___ Given information

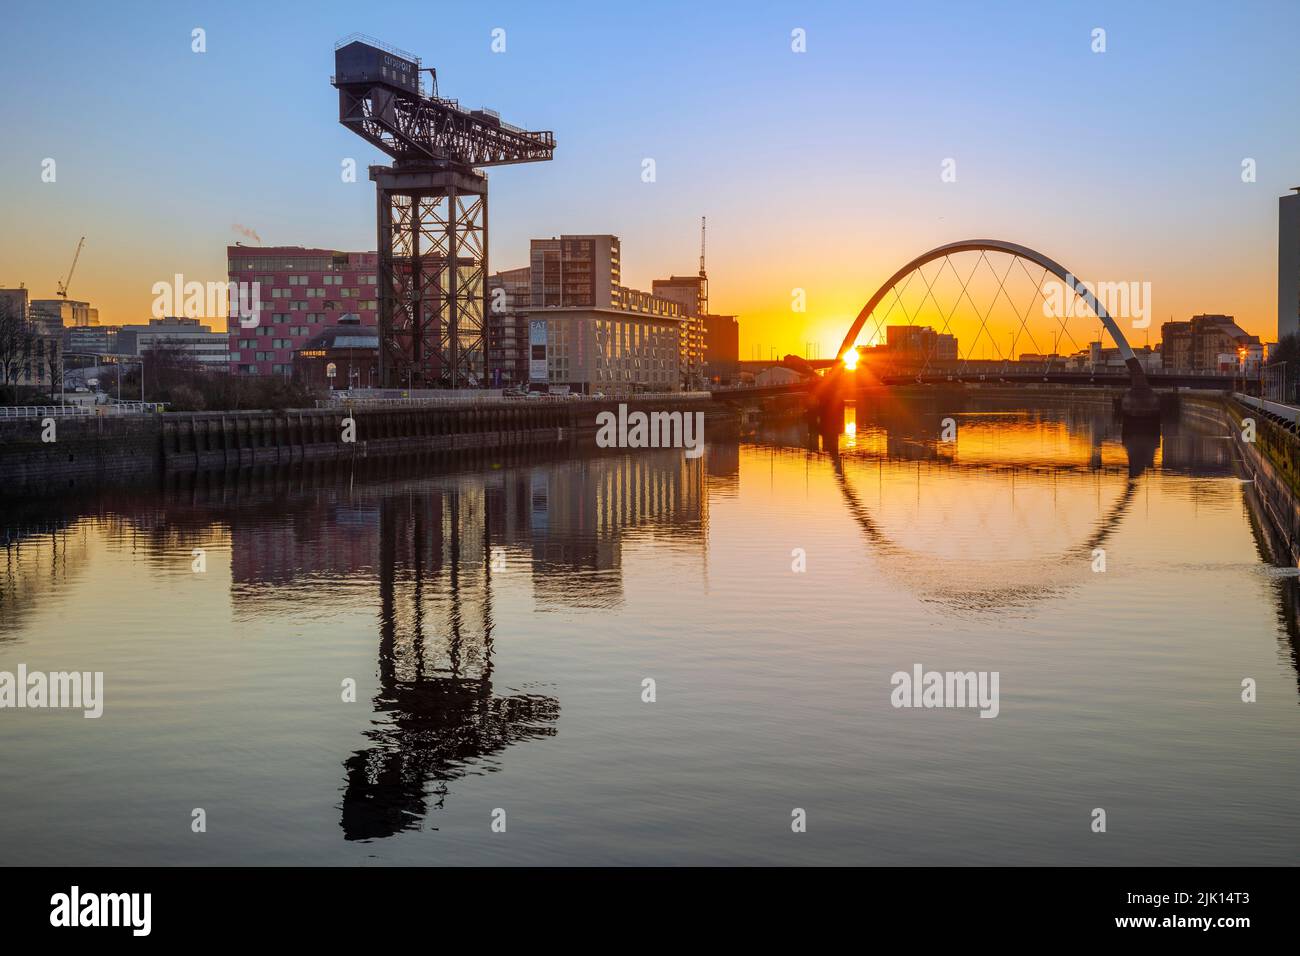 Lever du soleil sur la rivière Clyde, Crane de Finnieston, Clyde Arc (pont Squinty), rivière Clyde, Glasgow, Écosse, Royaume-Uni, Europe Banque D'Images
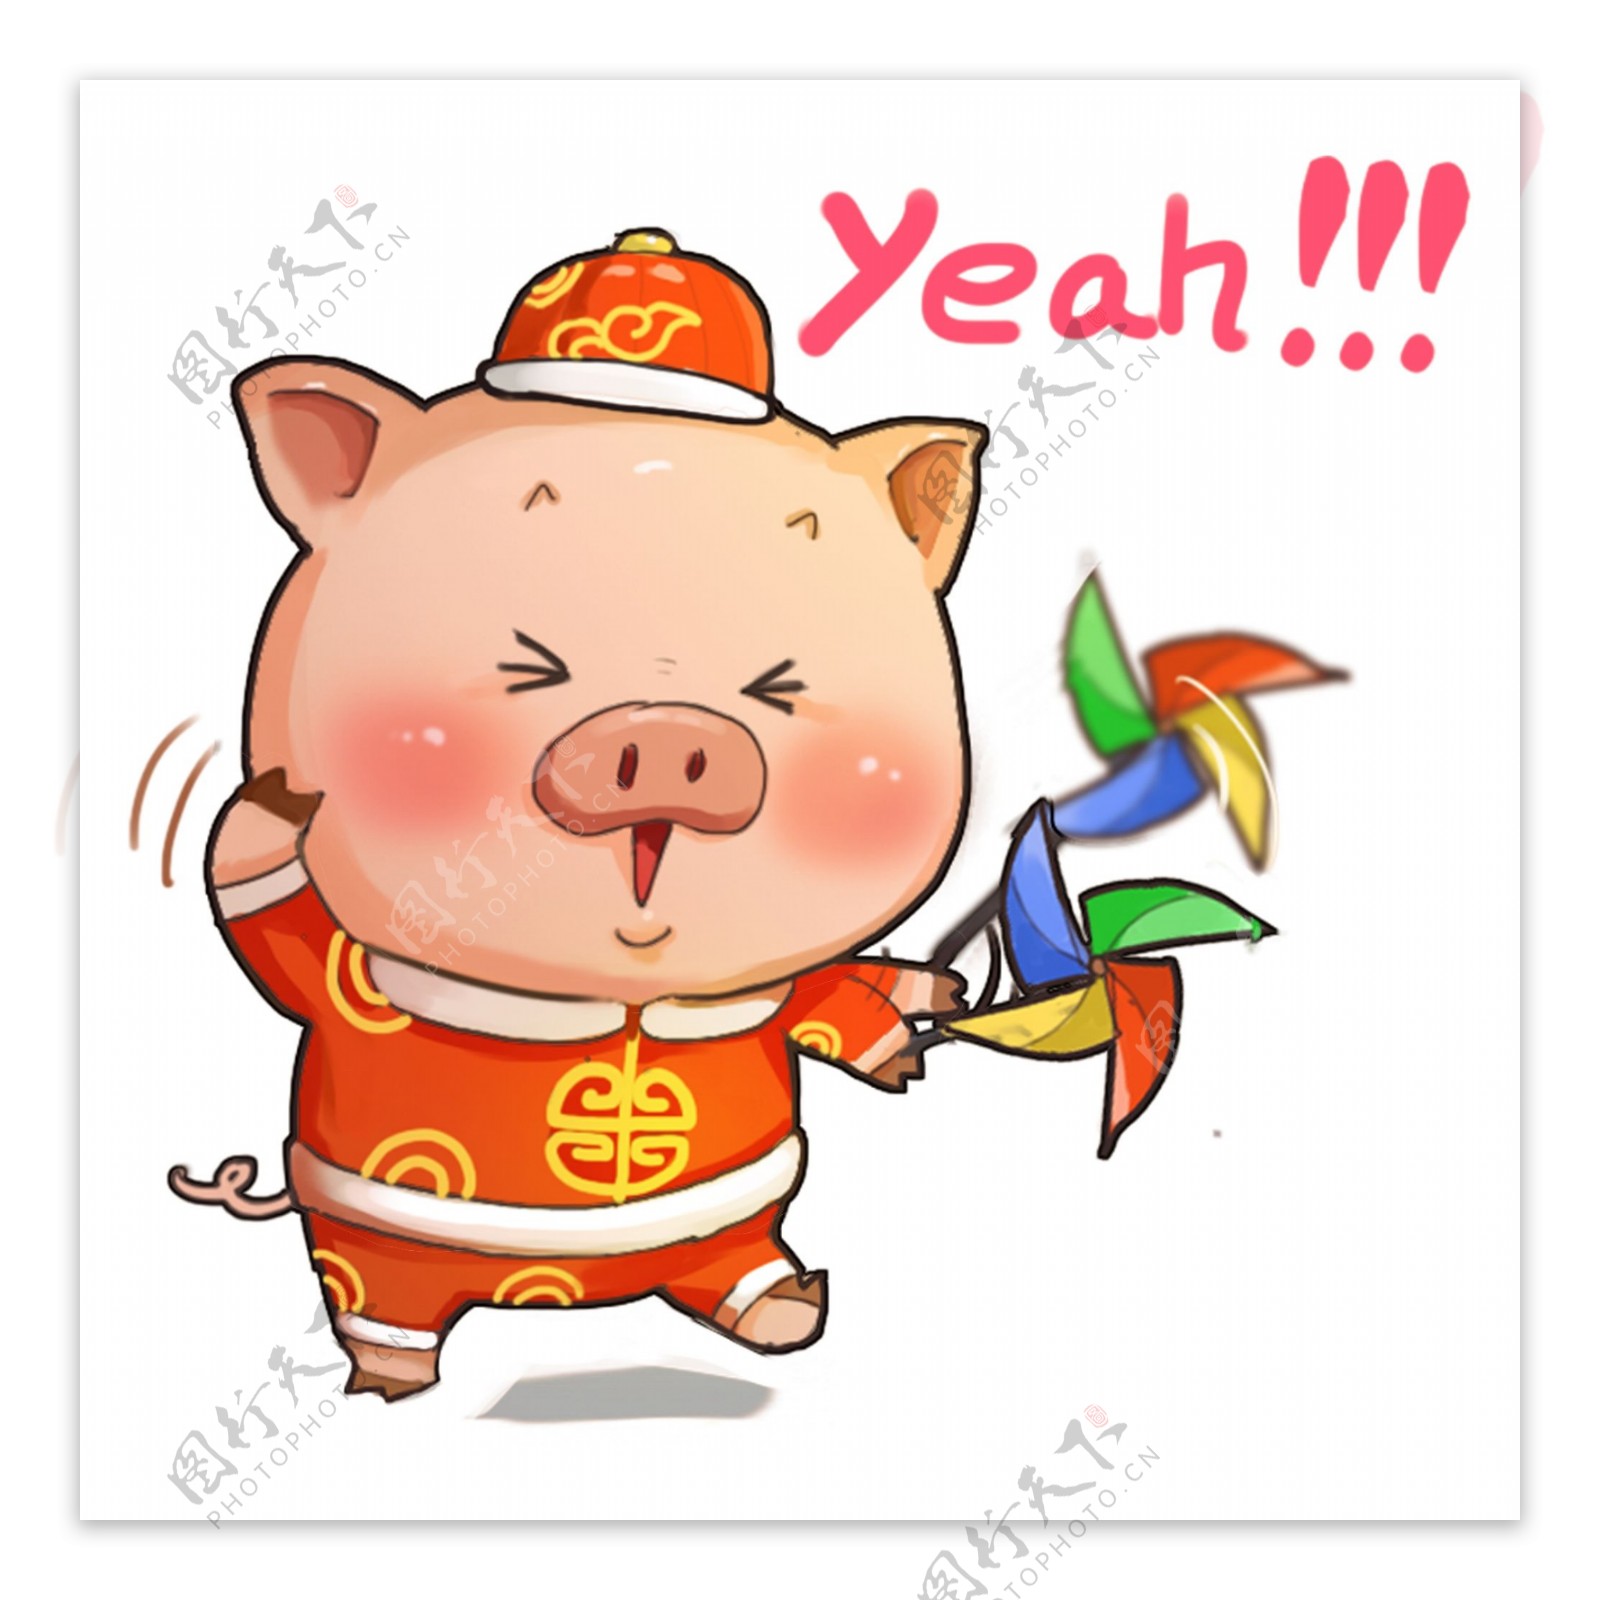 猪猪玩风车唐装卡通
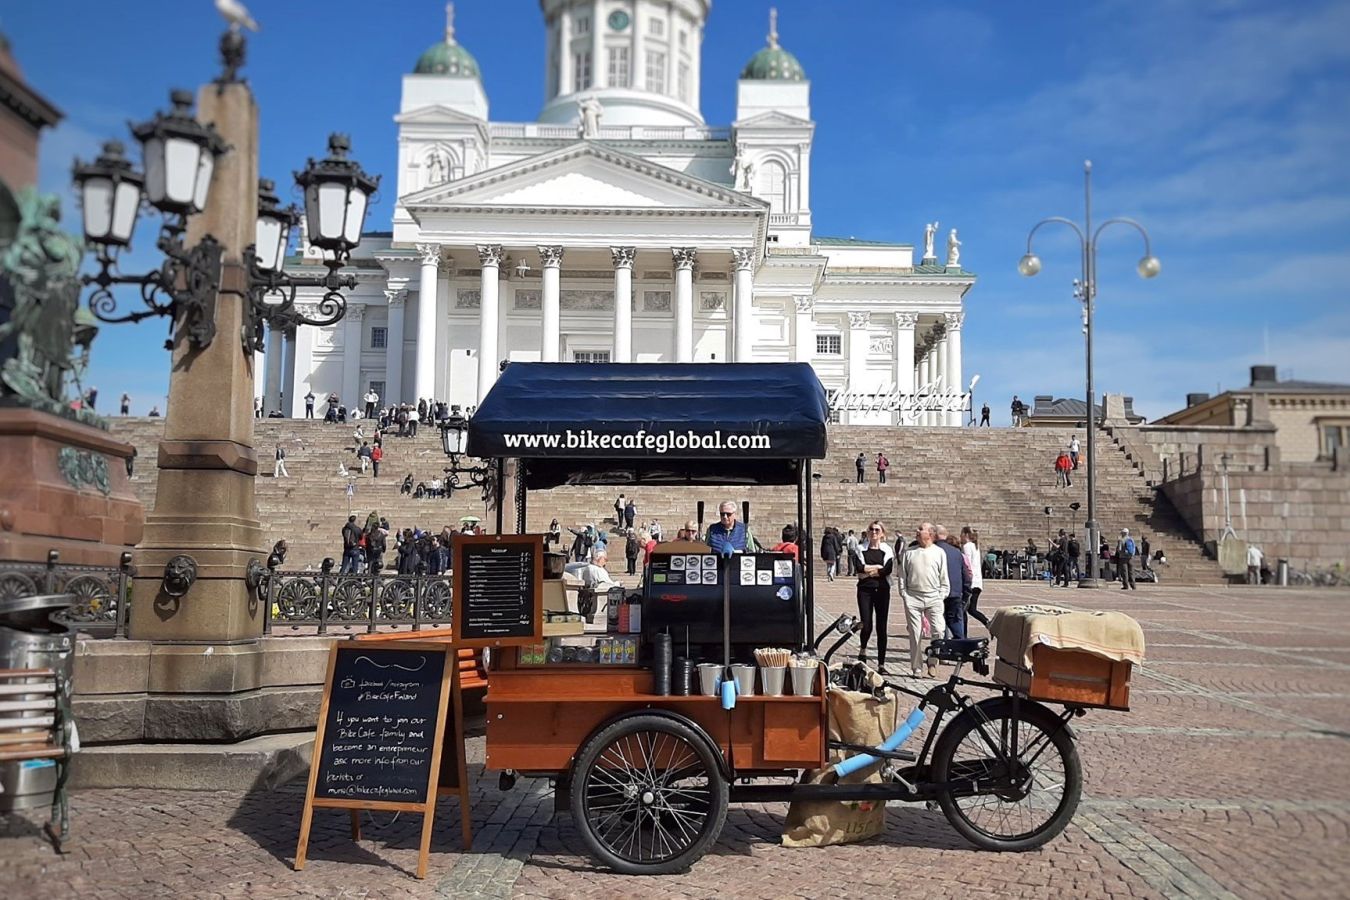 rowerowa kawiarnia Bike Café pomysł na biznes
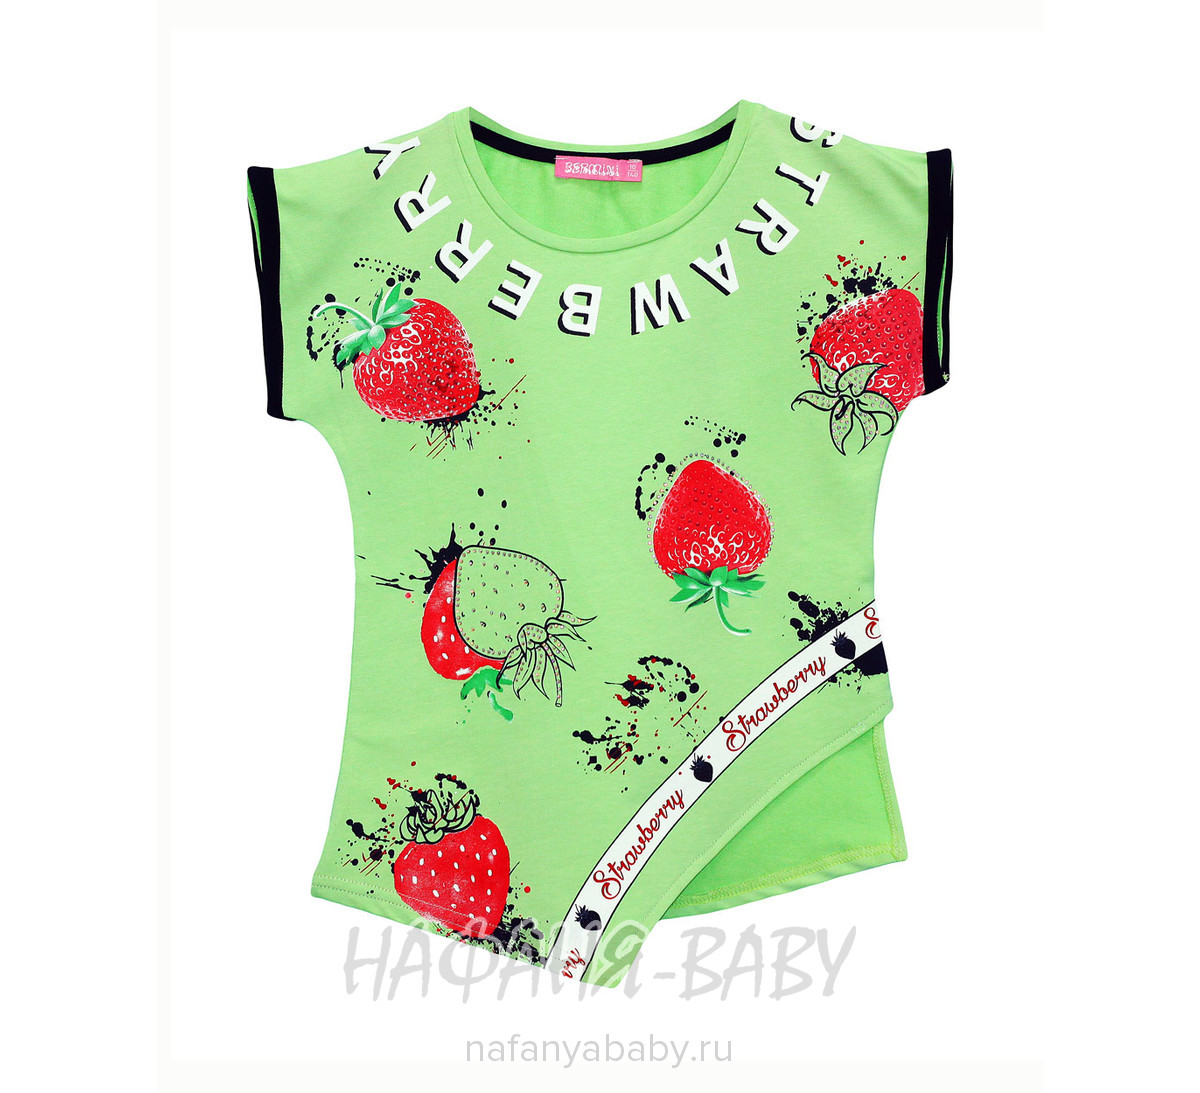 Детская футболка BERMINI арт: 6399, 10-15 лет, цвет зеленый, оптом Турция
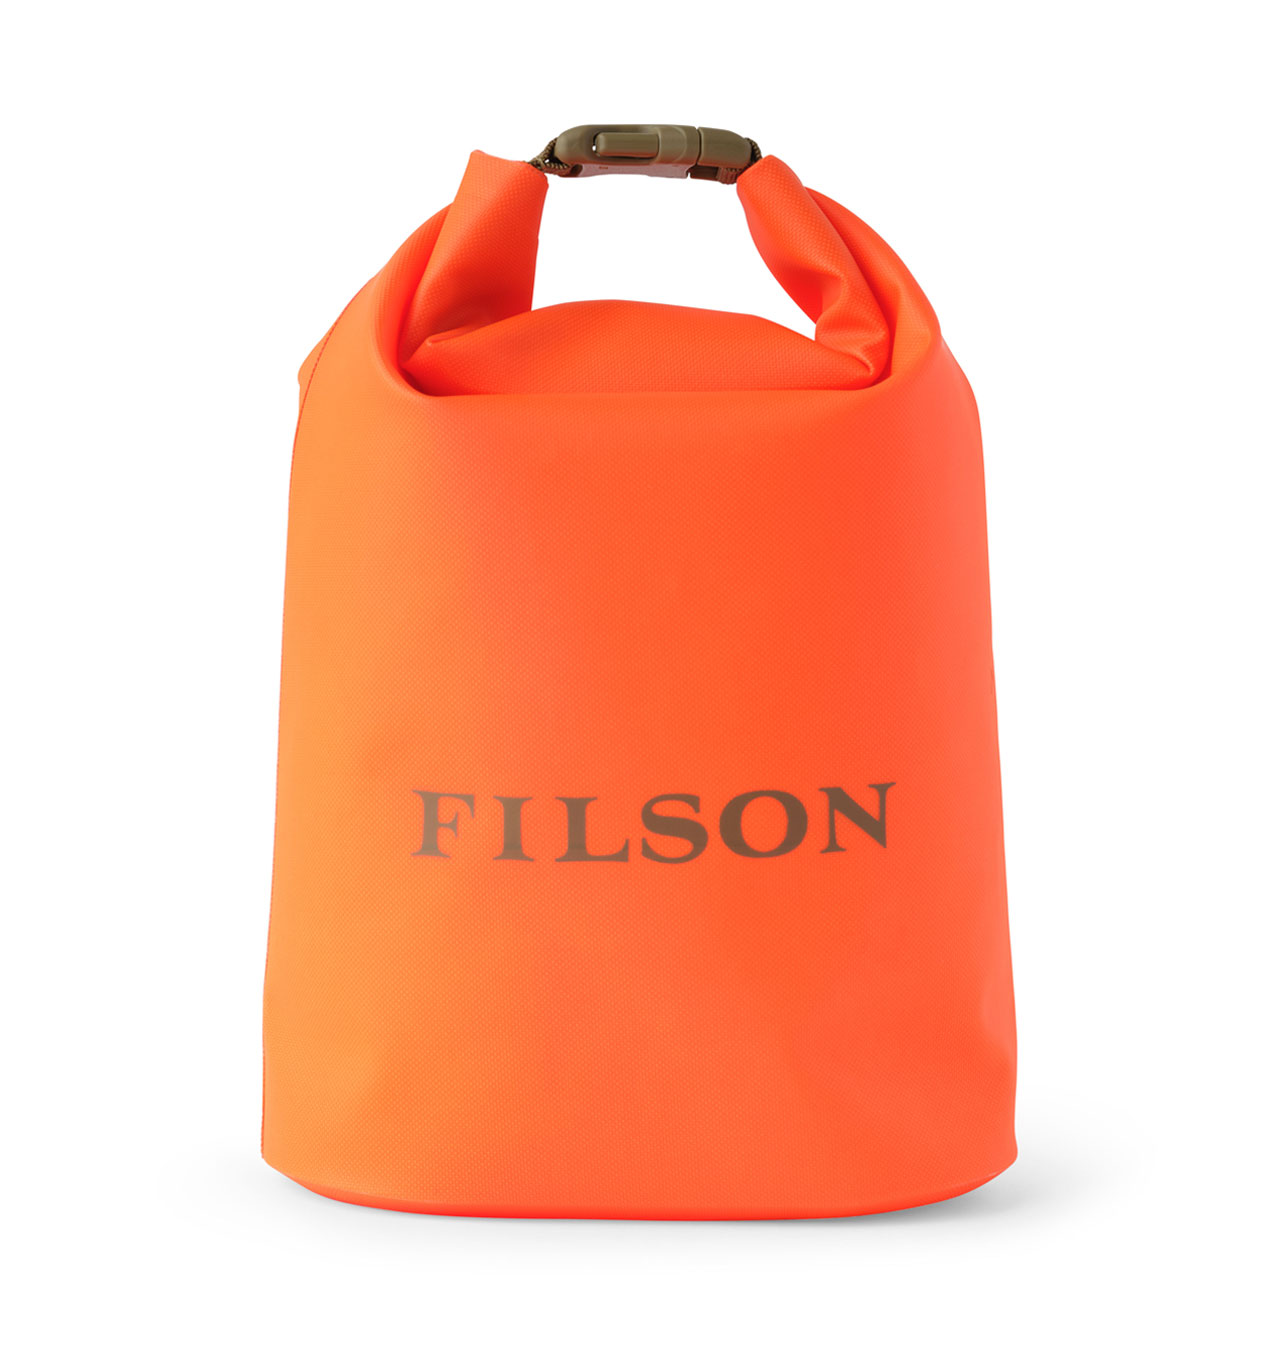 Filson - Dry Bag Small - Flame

______

■ **Directions**: All that should appear in the response is the run of lines from the one with "Детская футболка BERMINI" through the final line of the records, restated exactly, with pictures omitted.

■ **Exercise answer**:
 Детская футболка BERMINI арт: 6399, 10-15 лет, цвет зеленый, оптом Турция
 Filson - Dry Bag Small - Flame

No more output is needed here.